BYD Indonesia belum melihat alasan untuk mengubah harga mobil listriknya di pasar domestik, meski sejumlah merek kendaraan listrik lain mulai menyesuaikan banderol. Sikap ini membuat BYD tampil berbeda di tengah pasar EV yang sedang menghadapi tekanan biaya dari berbagai arah.
Di saat biaya produksi kian sensitif terhadap harga bahan baku, komponen, dan rantai pasok global, BYD memilih bertahan dengan strategi yang sudah disiapkan sejak awal ekspansi ke Indonesia. Perusahaan menilai kondisi yang ada masih bisa dikelola tanpa harus membebankan kenaikan harga kepada konsumen.
Strategi harga belum berubah
Head of Public & Government Relations PT BYD Motor Indonesia, Luther Panjaitan, menyampaikan bahwa fluktuasi biaya produksi memang tidak dapat dihindari. Namun, menurut dia, investasi BYD di Indonesia dibangun untuk jangka panjang sehingga tidak mudah digoyang oleh tekanan sesaat.
Luther juga menegaskan bahwa sejak awal masuk ke Indonesia, perusahaan sudah menghitung berbagai tantangan pasar. Karena itu, BYD tetap percaya diri menjalankan strategi yang telah disusun dari sisi produk, harga, hingga promosi.
Tekanan biaya memang nyata
Keputusan BYD mempertahankan harga muncul di tengah industri kendaraan listrik yang sedang berada dalam tekanan. Secara global, harga bahan baku dan komponen EV terus bergerak naik, sementara biaya rantai pasok ikut terdorong oleh tensi geopolitik.

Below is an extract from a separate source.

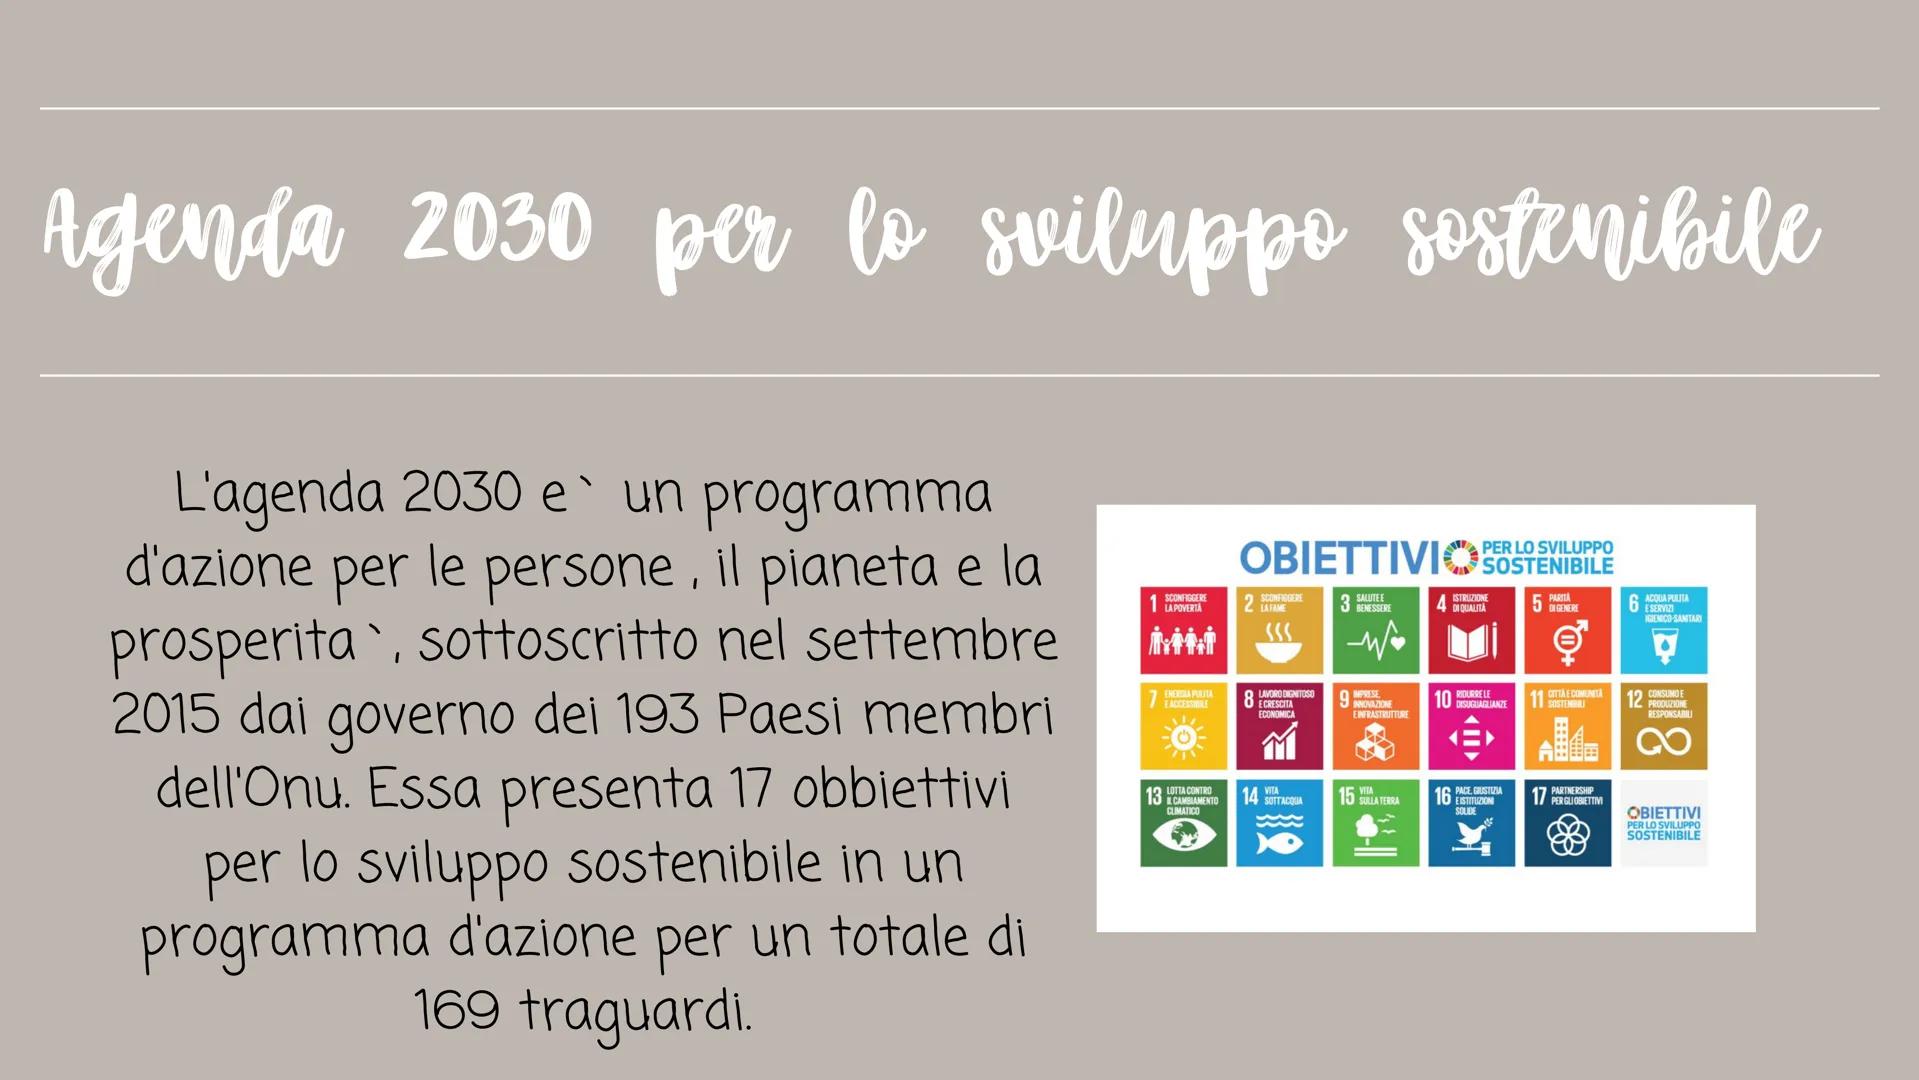 
<p>L'Agenda 2030 per lo sviluppo sostenibile, sottoscritta nel settembre 2015 dai 193 Paesi membri dell'Onu, presenta 17 obiettivi per lo s

Kondisi itu juga berkaitan dengan naiknya harga material penting seperti lithium dan cip semikonduktor. Di banyak pasar, tekanan biaya tersebut akhirnya memaksa produsen kendaraan listrik menyesuaikan harga jual.
Pasar China memberi sinyal perubahan
Perubahan strategi harga itu mulai terlihat di China, yang merupakan salah satu pasar kendaraan listrik terbesar. Sejumlah produsen di negara tersebut sudah mengambil langkah menaikkan banderol karena ongkos produksi yang terus meningkat.
Pasar new energy vehicle atau NEV di China juga disebut memasuki fase baru. Setelah sebelumnya ramai perang harga, kini sebagian pemain mulai mengerek harga kendaraan dan fitur tambahan.
Indonesia masih dalam hitungan jangka panjang
Bagi BYD Indonesia, pelemahan rupiah terhadap dollar AS memang menjadi tantangan tambahan. Ketika banyak komponen masih bergantung pada impor, perubahan nilai tukar biasanya ikut menekan struktur biaya.
BYD Indonesia sendiri masih bergantung pada banyak aspek yang diimpor dari China. Meski begitu, perusahaan menilai situasi tersebut belum cukup kuat untuk mendorong perubahan harga mobil listrik yang dipasarkan di Tanah Air.
Perusahaan melihat Indonesia sebagai pasar investasi jangka panjang. Dengan pendekatan itu, tekanan biaya yang muncul saat ini dianggap masih bisa diantisipasi melalui strategi bisnis dan efisiensi yang telah dirancang.
Sinyal penting bagi pembeli mobil listrik
Bagi konsumen, sikap BYD memberi kepastian bahwa harga mobil listrik merek tersebut masih stabil untuk sementara waktu. Di pasar yang mulai ramai penyesuaian harga, kestabilan banderol seperti ini menjadi nilai penting bagi calon pembeli.
Keputusan menjaga harga juga dapat membantu mempertahankan daya tarik produk BYD di tengah persaingan kendaraan listrik yang makin ketat. Di pasar seperti ini, harga, biaya kepemilikan, dan promosi menjadi faktor yang sangat menentukan minat konsumen.
Untuk saat ini, BYD Indonesia menegaskan belum ada penyesuaian harga jual kendaraan listriknya di pasar Indonesia. Posisi itu menempatkan BYD sebagai salah satu pemain yang memilih bertahan, saat sebagian rival justru mulai bergerak menaikkan harga.